BENTON HARBOR, MI — Paris Thomas was a vibrant teenager, but at the age of 14 he started dropping his pencil, comb, and food. He started to struggle in school with his studies. Paris told his parents he knew something was not right. Paris was diagnosed with a rare neurodegenerative form of epilepsy that strikes in early age. Paris was sent to prison for assault and given 18 months. Paris Thomas contracted Covid-19 and died on May 1, 2020 from Covid-19 in the prison system. He was only 20 years old.

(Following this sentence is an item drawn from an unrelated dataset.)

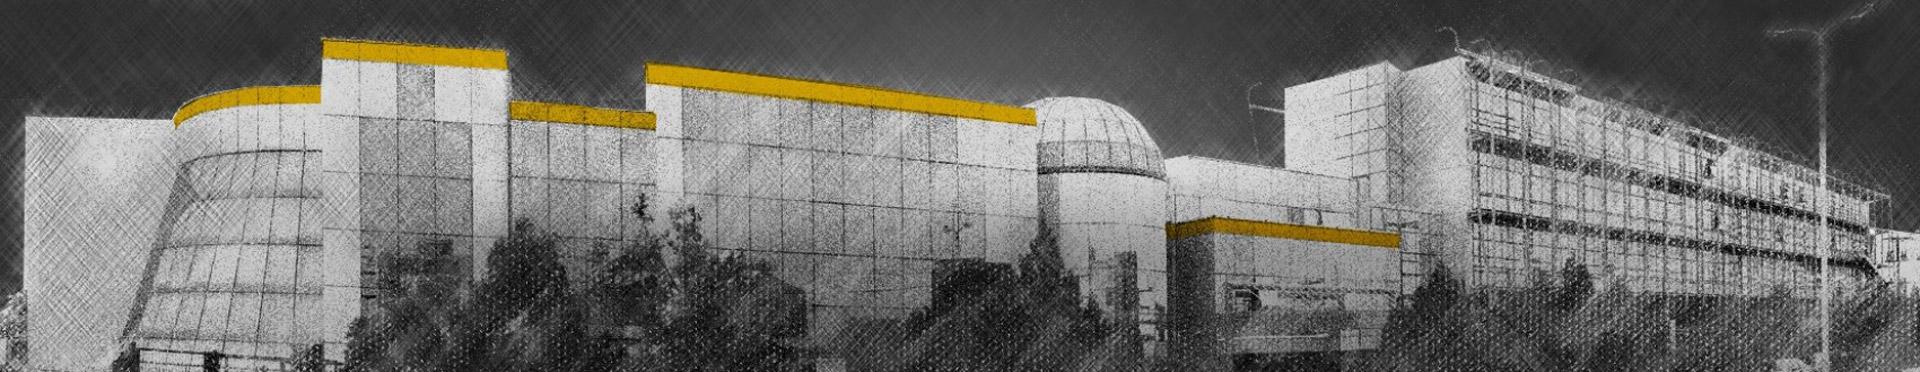 header-factory-yellow

Mary Beth Hill was serving 36 months for possession with the intent to distribute drugs at Michigan’s Women’s Huron Valley Correctional Facility. Mary called asking for my help as Covid-19 is now inside the prison walls. “The first weeks was chaotic,” she said, “We have been on lockdown since April 1. Tension is running high. There is a lot of uncertainty, especially being incarcerated and not knowing if your loved ones are safe from this coronavirus and constantly not knowing from day to day whether or not the virus is going to kill everybody in prison.” Mary Beth Hill died on April 22 in prison from Covid-19. She was only 25 years old.
Efren, in prison, stated in a stunning new development that on April 16, a 23-year-old man from Muskegon, MI, tested positive for Covid-19 at Lakeland Correctional Facility. Two food service supervisors and a wave of dining hall workers contracted Covid-19 and were quarantined for having close contact with them. One supervisor quit his job. More than 790 prisoners have now tested positive and more than 25 prisoners, including the young man from Muskegon, have died in Michigan prisons. Let the truth be told, more and more people in prison will be dying from Covid-19.
We must survive the pandemic—it is real and the damage left in the wake of Covid19 is realized mostly in our prison and communities. In a prison population that is largely black and brown, the bad policies and institutional neglect place black folks and brown folks disproportionately in arm’s reach of this deadly virus. The Coronavirus exposes the deadly impact of poverty and racial disparities all across the country. We must confront this system and take over. None of us are safe until we all are safe.
Editor’s note: Rev. Edward Pinkney was falsely imprisoned in Michigan for 30 months. He has since been exonerated of all charges by the Michigan Supreme Court.